In [17], we extend ITP heuristic to the case of the metric CVRPTW with uniform demand. For the sake of completeness, we present this technique in this paper in Algorithm 1, which can be easily adapted to the case of the metric CVRPTW with non-uniform splittable demand.

Indeed, to obtain an ITP-based approximate solution in this case, we represent each customer \(x_i\) with demand \(d_i\) by the family of \(d_i\) its unit-demand copies and reduce the initial instance to the obtained instance of the metric CVRPTW with unit demand defined by the auxiliary graph on \(D=1+\sum _{i=1}^n d_i\) nodes. For the weight \(w(S_{\mathrm {ITP}})\) of the resulting solution, we obtain the following bound.

Lemma 3

$$\begin{aligned} w(S_{ITP})\le 2\cdot \left( \frac{2}{q}\sum _{i=1}^nd_ir_i\right) +pw(H)\le 2\cdot \left( \frac{2}{q}\sum _{i=1}^nd_ir_i\right) +p\beta \cdot \mathrm {TSP}^*(X). \end{aligned}$$

Proof

Indeed, applying Lemma 2 to each customer subset \(X_j\), we obtain

$$ w(S_j)\le \left( 1+\frac{q}{D_j}\right) \cdot \frac{2}{q}\sum _{x_i\in X_j} d_i r_i+(1-1/q)w(H_j)\le 2\cdot \left( \frac{2}{q}\sum _{x_i\in X_j} d_i r_i\right) +w(H), $$

where \(D_j=\sum _{x_i\in X_j}d_i\). Since \(w(S_{\mathrm {ITP}})=\sum _{j=1}^pw(S_j)\) and \(W(H)\le \beta \mathrm {TSP}^*(X),\) Lemma is proved.

Finally, we present the following fact taken from [1], which helps us to reduce the instance in question to the equivalent one with much less total demand and to prove a polynomial time complexity bound of the scheme proposed. Hereinafter, we call a feasible route \(\mathcal {R}\) non-trivial, if it visits at least two distinct customers, i.e. \(|X(\mathcal {R})|>1\). Otherwise, the route is called trivial.

Lemma 4

For any instance of the CVRPTW-SD, there exists an optimum solution \(\mathcal {U}=\{\mathcal {R}_1,\ldots ,\mathcal {R}_m\}\), such that, among its m routes, at most |X| are non-trivial.
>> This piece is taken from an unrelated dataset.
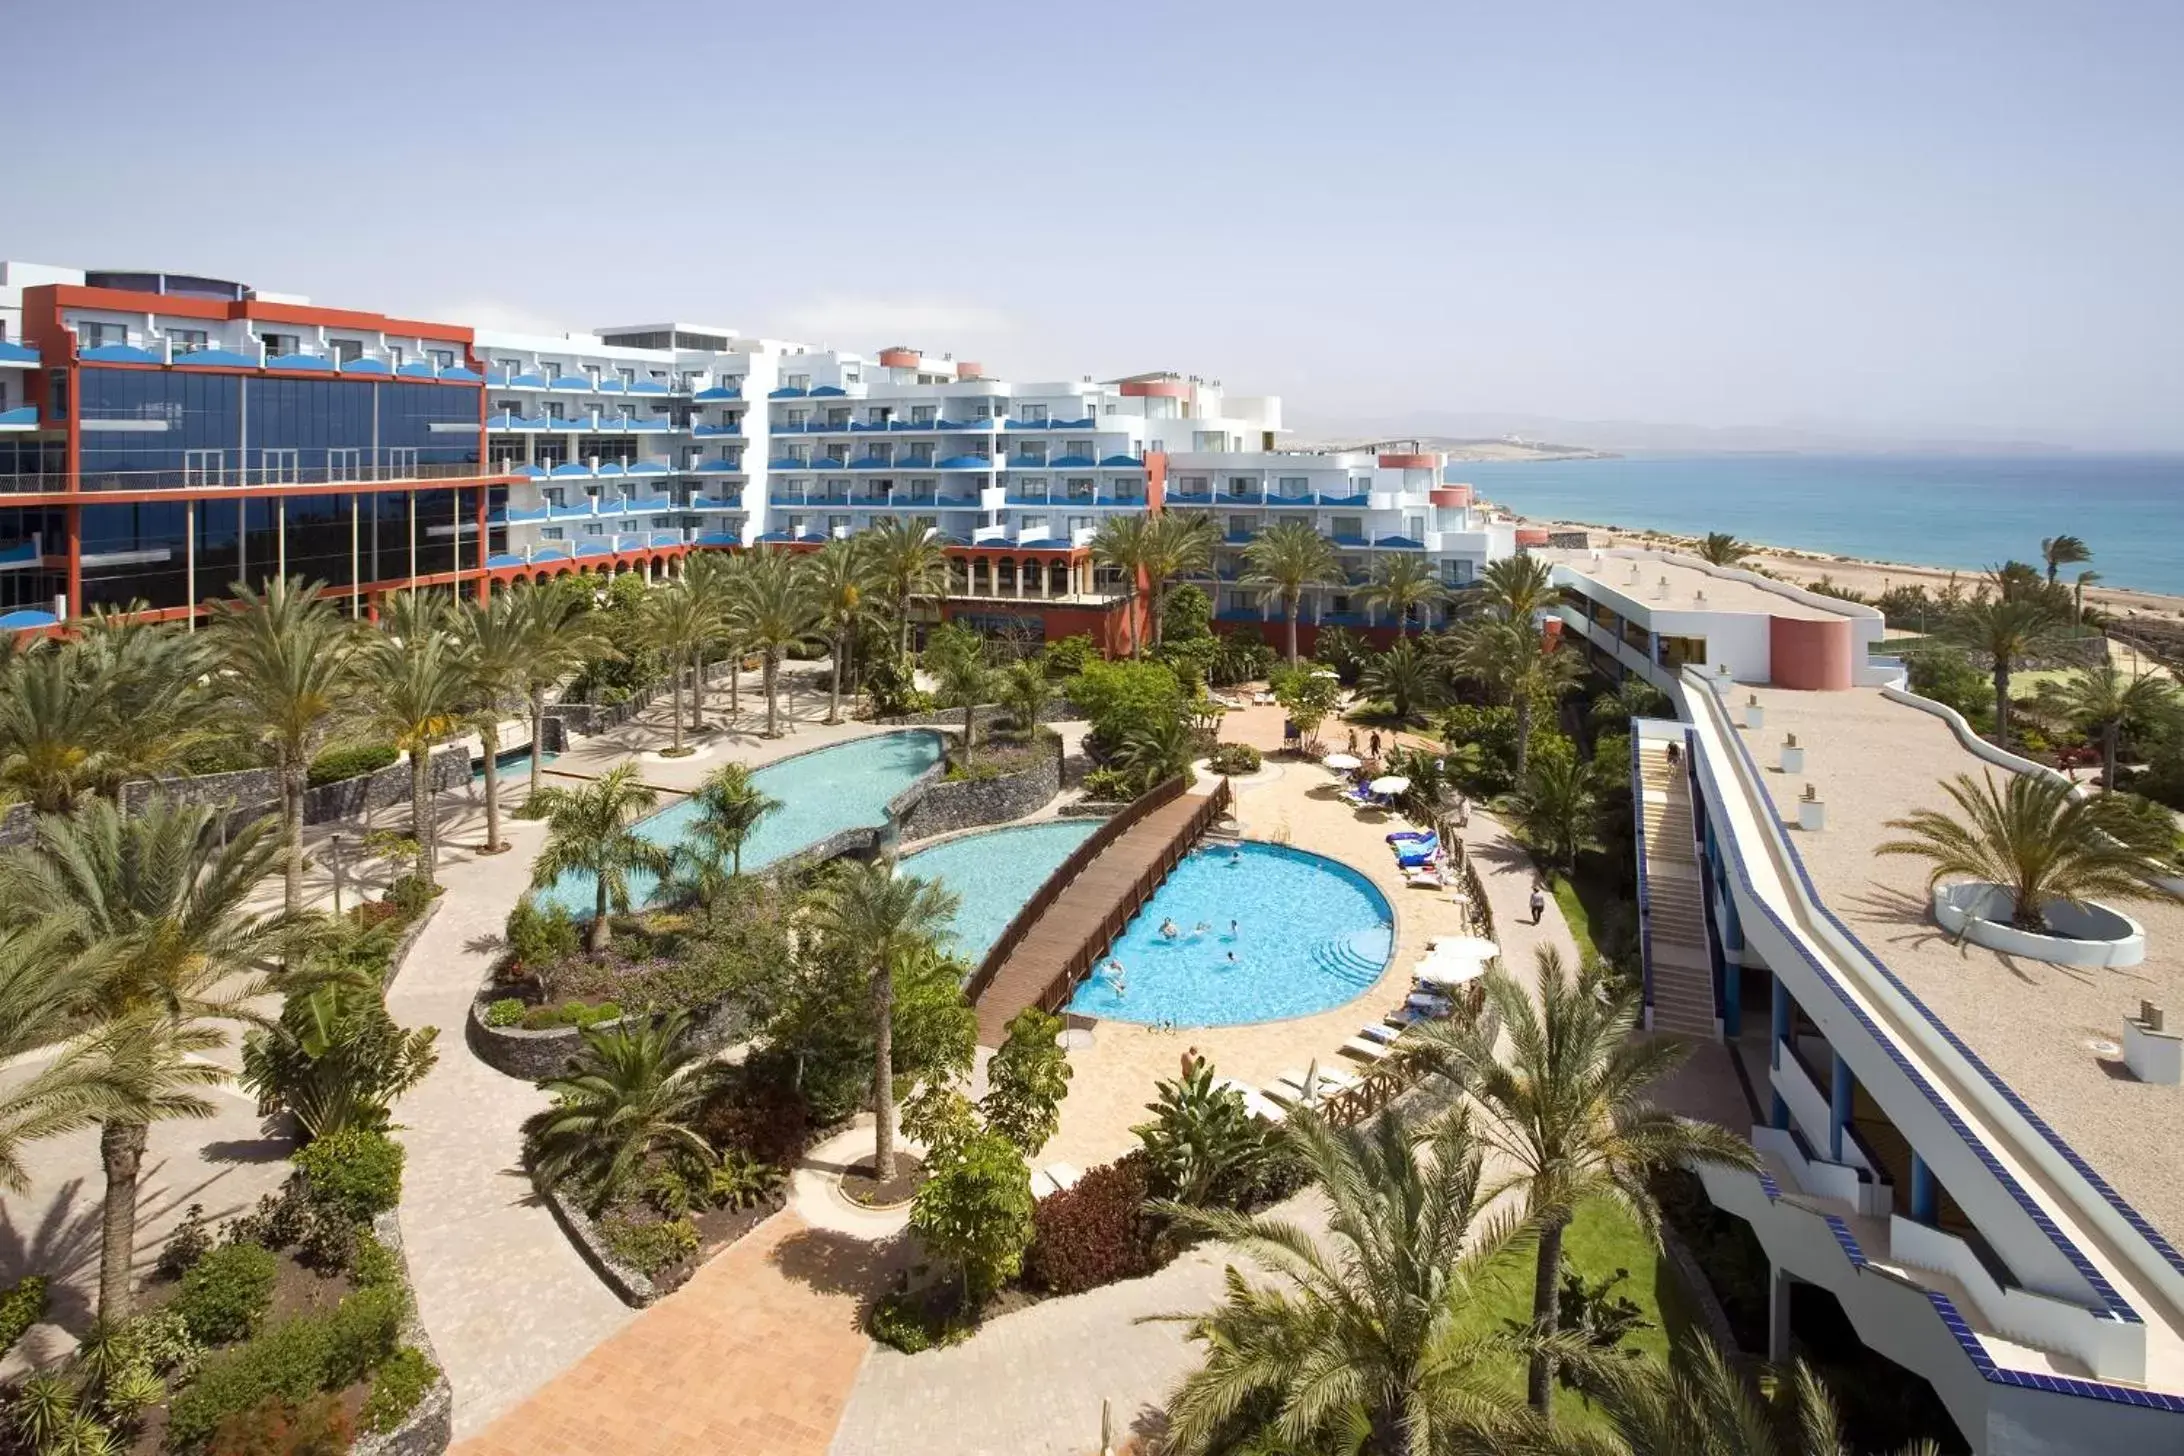 Solarium, Pool View in R2 Hotel Pajara Beach
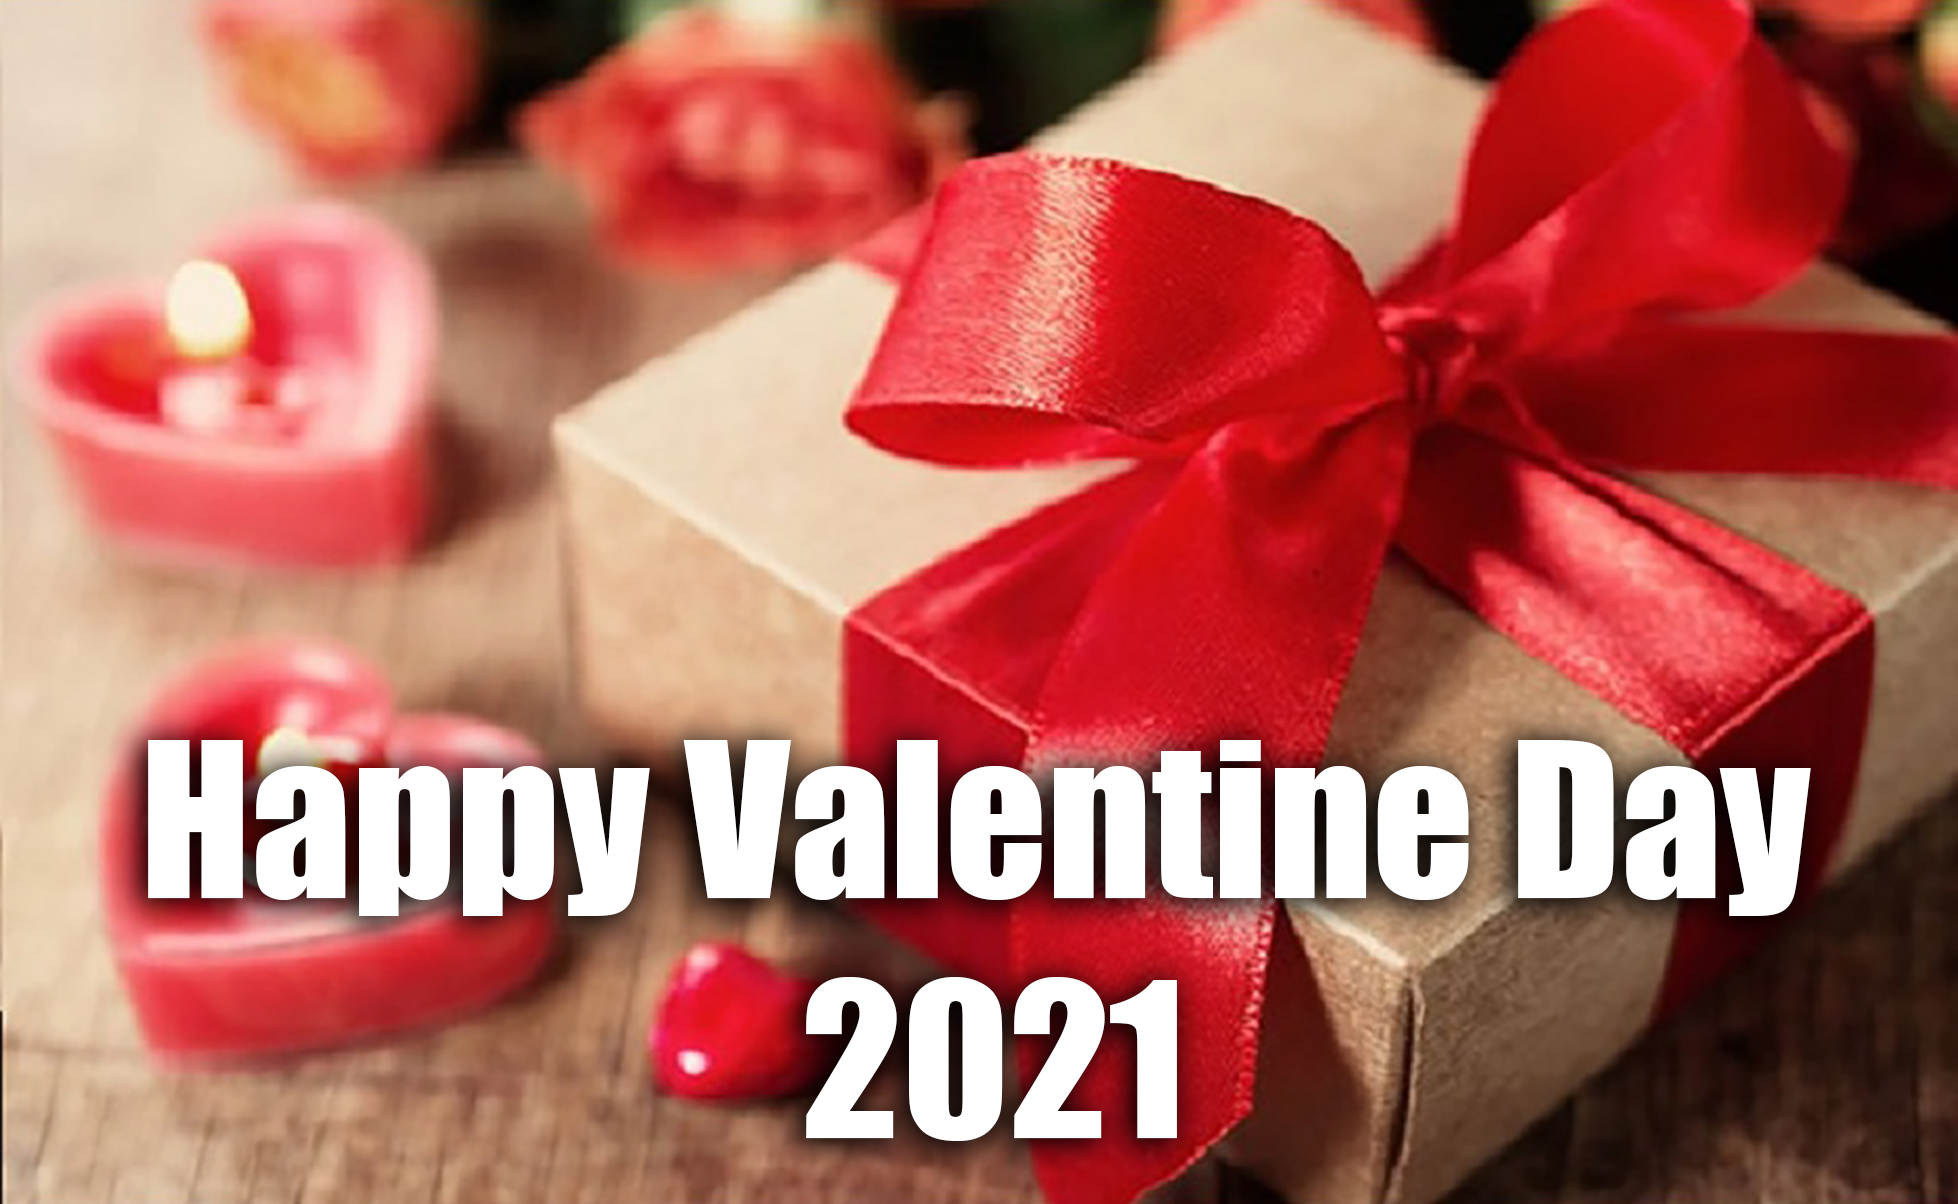 Happy Valentine Day 2021 Wishes, Images, Quotes, Messages: तुम ख्वाब हो तुम नींद हो, जीने की हर उम्मीद हो...अपने वैलेंटाइन को यहां से भेजें रोमांटिक शायरी, मैसेज

Actually, Lemma 4 was proven in [1] for a more restricted case, i.e. the unit-demand CVRP free of the time windows constraints. But this result can be easily extended to the CVRPTW with splittable non-uniform demand. For the sake of brevity, we skip the proof this claim, postponing it to the forthcoming paper.

6 Approximation Scheme

It this section, we describe our approximation scheme following the overview presented in Sect. 4 and prove its correctness.

Suppose, we are given by \(\varepsilon \in (0,1)\) and an instance of the Euclidean CVRPTW-SD on the plane defined by a complete node- and edge-weighted graph \(G=(X\cup \{y\}),E,d,w)\), capacity \(q\in \mathbb {N}\), and partition \(X_1\cup \ldots \cup X_p=X\) induced by an ordered set \(\mathcal {T}=\{T_1,\ldots ,T_p\}\) of consecutive disjoint time windows (see Sect. 3 for details). In this section, we show how to construct an \((1+\varepsilon )\)-approximate solution of this instance.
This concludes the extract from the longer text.